Anarchism is not a romantic fable but the hardheaded realization, based on five thousand years of experience, that we cannot entrust the management of our lives to kings, priests, politicians, generals, and county commissioners. -- Edward Abbey, author and essayist


An Overview

Liberty without socialism is privilege, injustice; socialism without liberty is slavery and brutality. -- Mikhail Bakunin
Far from living in a world of visions and imagining men better than they are, we see them as they are; and that is why we affirm that the best of men is made essentially bad by the exercise of authority, and that the theory of the "balancing of powers" and "control of authorities" is a hypocritical formula, invented by those who have seized power, to make the "sovereign people," whom they despise, believe that the people themselves are governing.
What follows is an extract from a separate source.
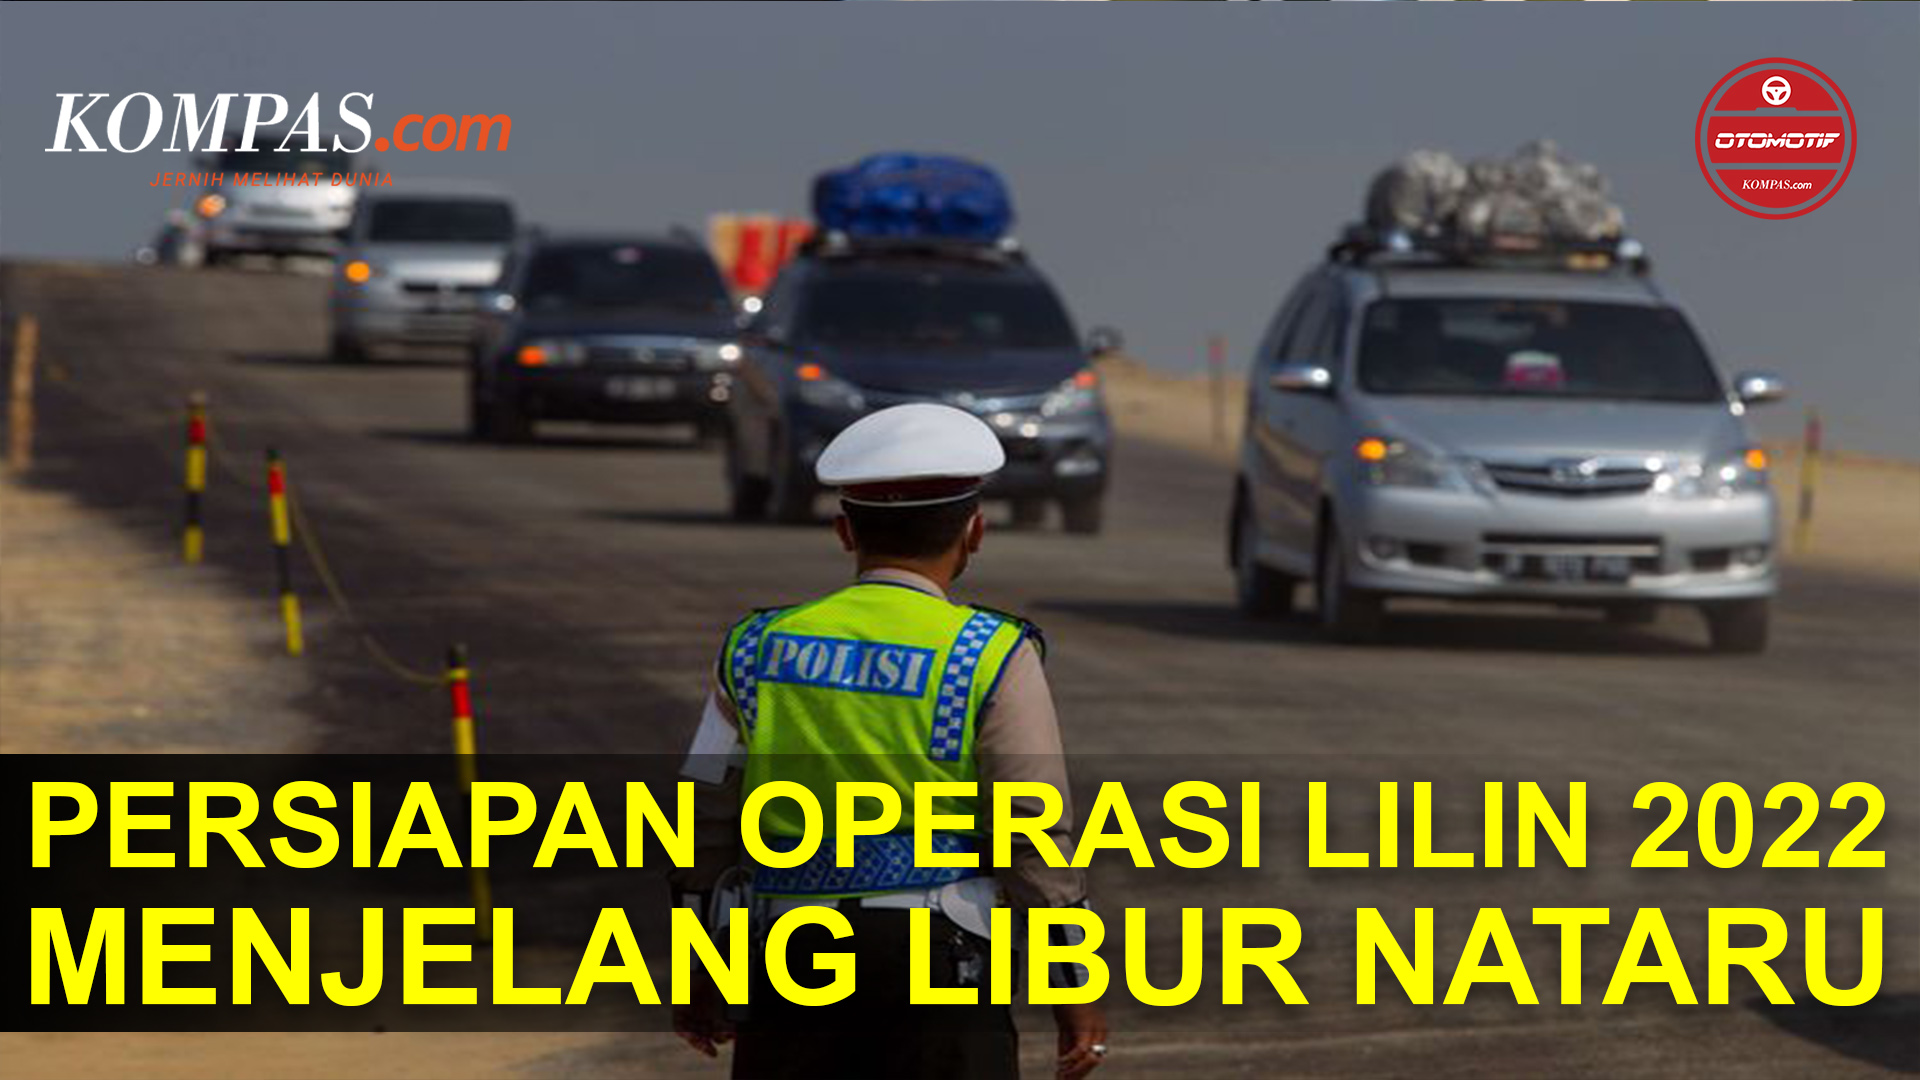 Jelang Libur Nataru, Polisi Cek Persiapan Operasi Lilin 2022

It is because we know men that we say to those who imagine that men would devour one another without those governors: "You reason like the king, who, being sent across the frontier, called out, 'What will become of my poor subjects without me?'" -- Peter Kropotkin

Anarchists commonly hold a belief in the illegitimacy of state power as well as the undesirability of capitalism.

It is not a contradiction in terms to speak of anarchism 'in power', as anarchism does not reject the notion of political structures. Anarchists simply reject structures to the extent that they are coercive and unaccountable to their members.

Related is the idea of direct control over the means of production by the workers without the intervening system of the Bourgeoisie or the state.

Anarchism is a rejection also of interpersonal hierarchy in general. Modern anarchists make a psycho-social critique of hierarchy, arguing that it twists the psyches of both the people on top and those on the bottom. Anarchism leaves open a number of concievable and/or possible anarchic systems, usually decentralized and unbinding in nature.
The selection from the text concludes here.